I am the Lord of Despair, and I am a helpless captive.

Shun had to think that to himself quite a few times before he could make any sense out of it. Ceravic had outmaneuvered him so totally he could scarcely comprehend it. This last move--the use of a double agent to lure him here to the castle, and force him to send his forces against Rade's with internecidal intent... It was too... ambitious.

Shun didn't think Ceravic was just Playing for fun anymore. All indications were that the Goblin King had decided to end the Game. Shun could only guess at the catalyst that had prompted Ceravic's decision, but it wasn't that hard of a guessing game, in the end.

Shun had known the details of Marin's death almost as soon as they had happened, and he had been very confused. Teth had always been something of an enigma, but to actually kill another Player...

No doubt Ceravic was feeling very unsettled. If Players were going to start killing each other, he would no doubt want to get a jump on the movement.

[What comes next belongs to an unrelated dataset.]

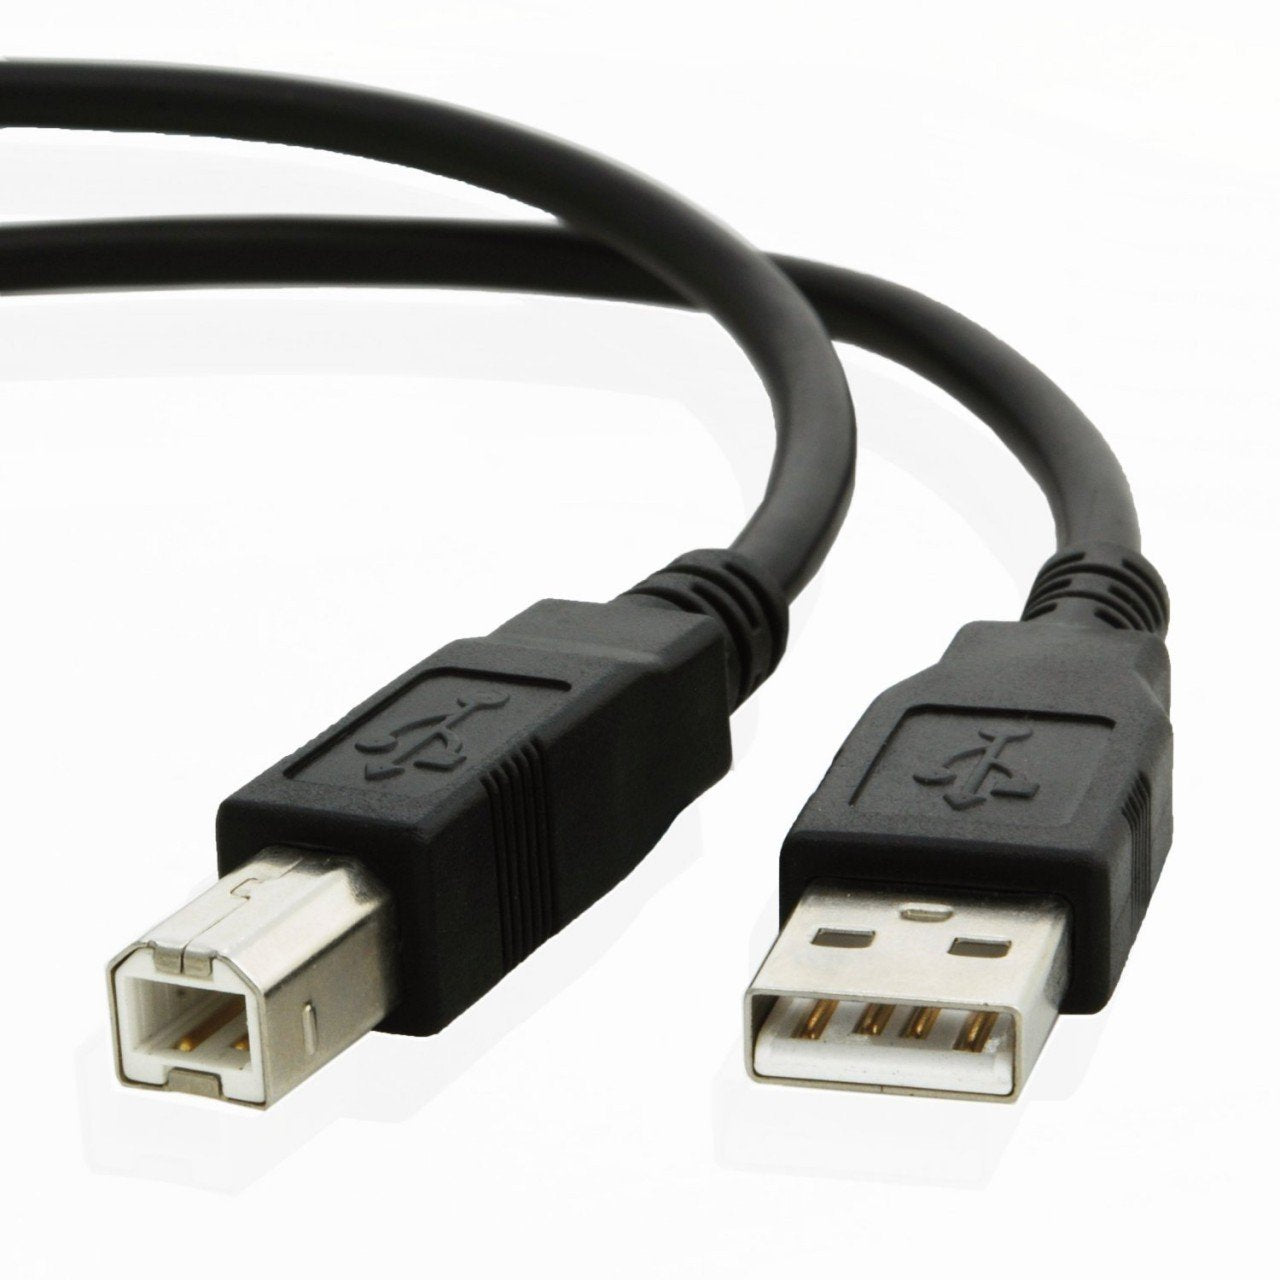 USB cable for Hp LASERJET ENTERPRISE M577f

Which is why I'm in the situation I'm in, he thought dully. He cast his dark eyes around Nex's dark lab. It was filled with things that he dared not touch, for he could sense the layers of magic intwined in every object at hand. That included the door, and the window. The window that, for reasons Shun could only begin to ponder, revealed nothing but a dark corner of the castle's interior. And then, of course, there was the sorcerer himself.

Wrapped up in his long black robes, Nex was lying motionless on the great stone table that dominated the laboratory. Shun could feel tremendous amounts of magic layered into the rock, and, furthermore, he could feel that the magic was active, meaning, the spells laid upon the table were working on Nex as he lay atop it. Magic that offered a rejuvenating effect, Shun was sure. He was the leading authority in the world on death, and Nex had seemed half-dead out there on the ramparts. But his white face was relaxed and peaceful-looking here in the shadows of his laboratory.

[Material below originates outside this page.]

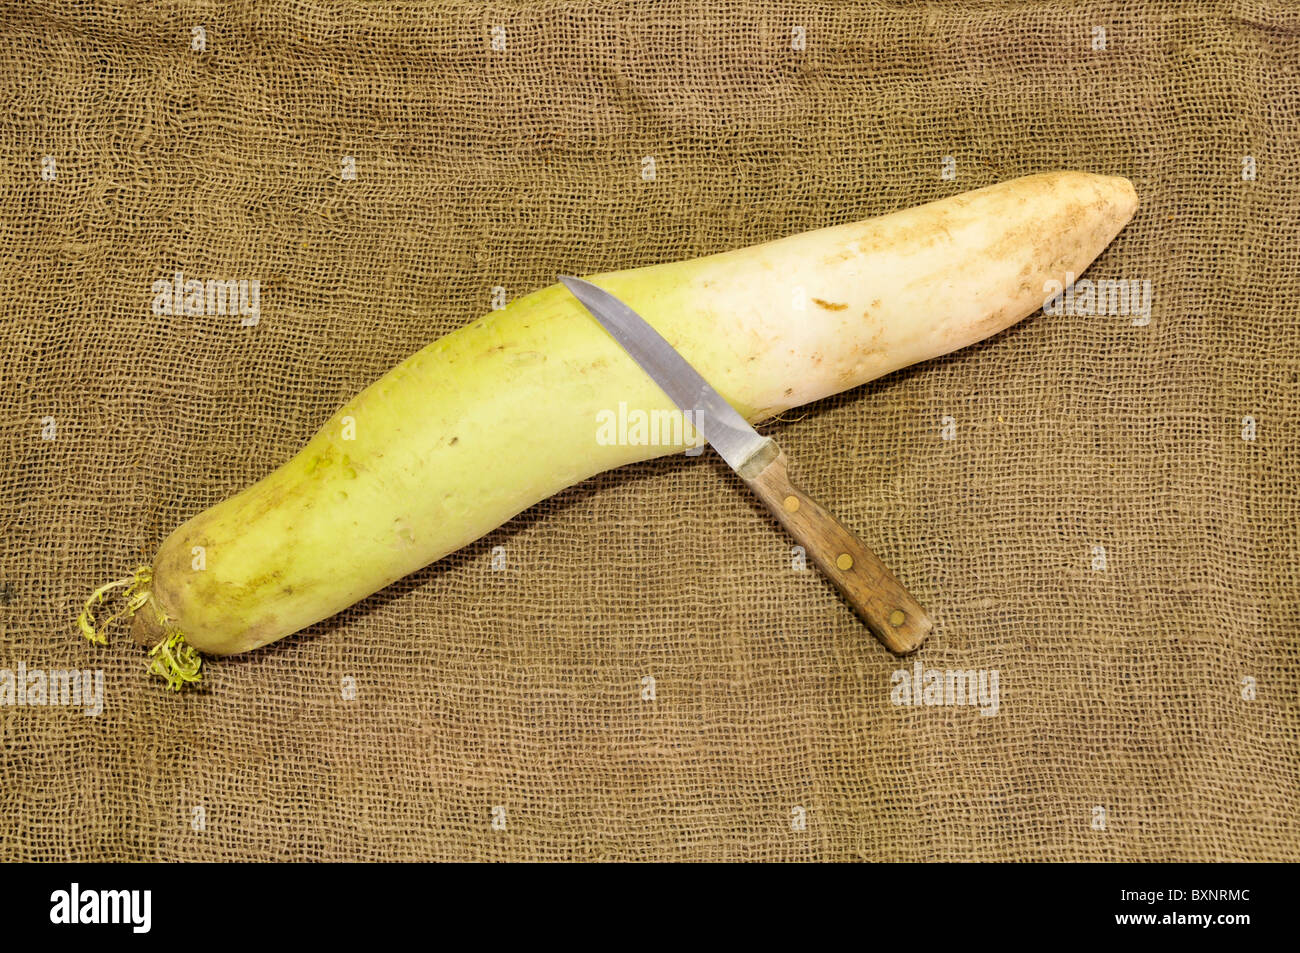 Daikon Japanese Radish with knife for scale and burlap background Stock Photo

He needs his rest, for what's next on his agenda. Apparently. Shun had heard of Sinder, the infamous battlemage. He had invented such spells as "Thunderflame," and the coyly named "Higher Fire." And "Immolation Bomb."


- - - - - - -


Noon. The sun stared down at the world from its zenith, and shadows fled from its brilliant gaze. In a large courtyard within the outer walls of the inner castle, goblins massed in huge numbers. Ceravic was wasting no time in going on the offensive. The training grounds for his armies were enormously expansive. Most of the central castle and all of the space beneath it was reserved for the goblin hordes. A whole other city, a whole other world, one of tunnels, existed beneath Oblivion, extending into the eponymous mountains in nearly every direction. The mountains themselves covered the center of the continent, and from there extended to all the coasts save the north. And where there were mountains, there were goblins, hordes of goblins, within and underneath them. And the Goblin King commanded the entirety of these hordes. A previously useless nuisance was now an entity of swarming destruction. Ceravic smiled to himself as he watched his forces being shaped into formation. The scaly masses were being divided into three groups, one each led by Ferus, Ssob-gib, and Glate. Huge wagons were being readied before the massive outer gates of the city, and great, tireless beasts called Krags were being reined into position before them. The wagons were filling up with goblins, who had no problems with (or concept of) personal space. Whatever troops did not fit into the wagons would run alongside them. The masses would be heading out on a speed march very shortly, a rapid rush to the enemy, the momentum of which would be carried over into battle.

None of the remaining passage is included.